The Gr. "malassein" does not only have the meaning of "_plastering something on the body_" but also "_mixing and stirring soft and elastic materials (like dow)_". 

You said "..._the Greek ancestor ''malagma'' is not in use in the European languages (including Greek)_ ..."

This is probably wrong. Medieval and modern Greek preserves a word that connects amalgam with malagma: "*Malama*" is a vernacular and somewhat poetical word for silver. There is also a woman's name "Malamo" (Μαλάμω). Of course silver is not used pure but as an alloy with other metals, therefore in mixture. It is also related to mercury (quick-silver). 
This Malama does not seem to have any other etymology in Greek, and is quite old word. So, almost certainly comes from malagma, which originally may had the meaning of mixture of precious metals (and mercury was one of them). 
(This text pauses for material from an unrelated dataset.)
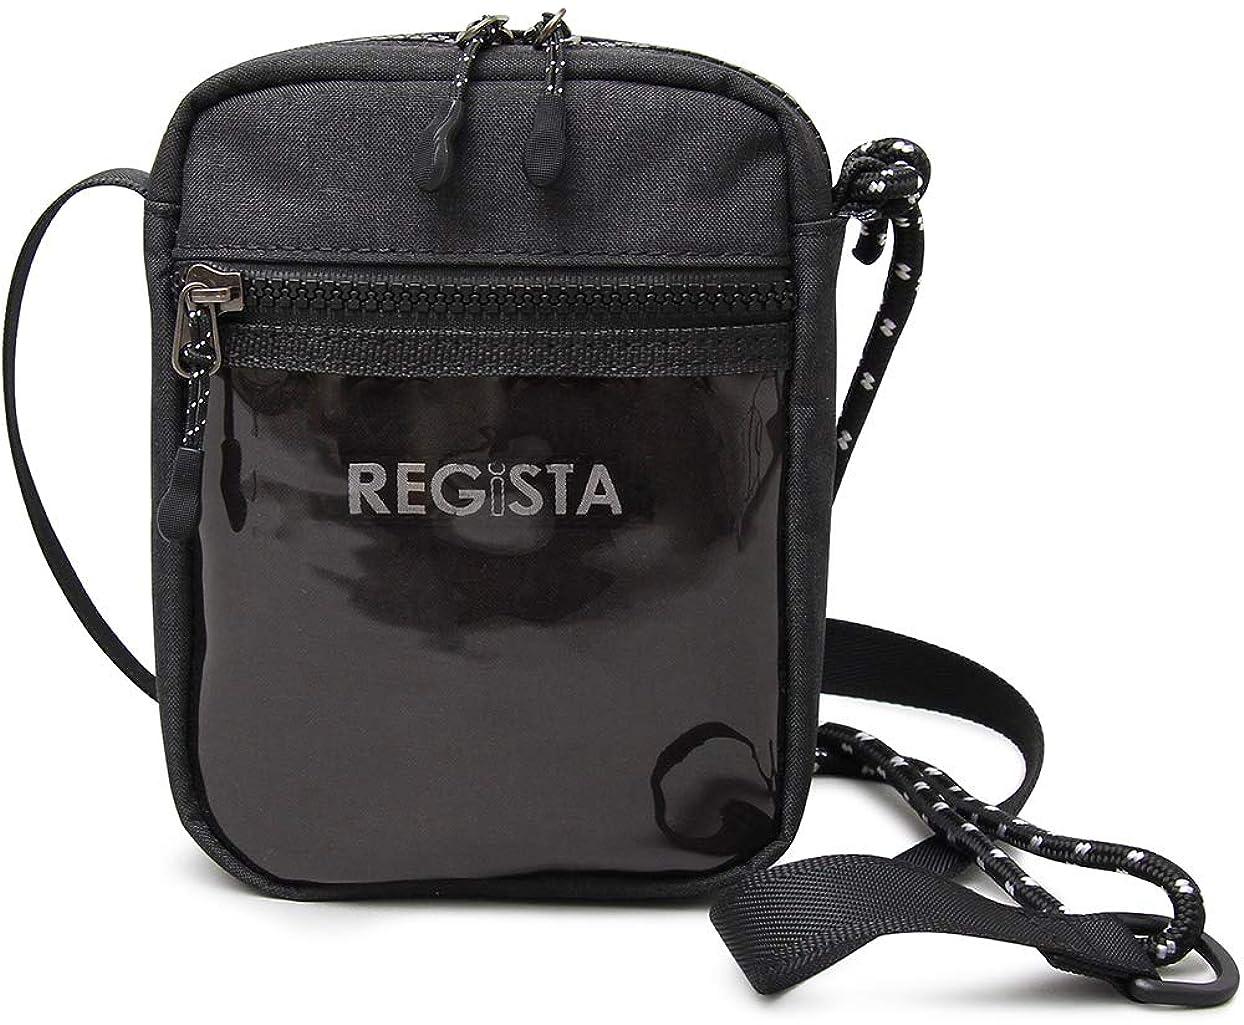 顕著一月祝福[High-end] メンズ ショルダーバッグ ミニバッグ クリアポケット カジュアルバッグ 鞄 レディース バッグ M1E588_b

The connection between mercury and silver is not only mythical but has a technical/chemical substrate. Mercury is used by gold-hunters to extract inert precious metals (gold and silver) from sand and soils. During this process a preparation of mercury containing gold and/or silver is prepared, which gives the precious metals after heating and evaporation of mercury. This processes is based on the common chemical properties of mercury with silver and gold. The alchemists suspected this chemical affinity and were trying to turn mercury to silver or gold. 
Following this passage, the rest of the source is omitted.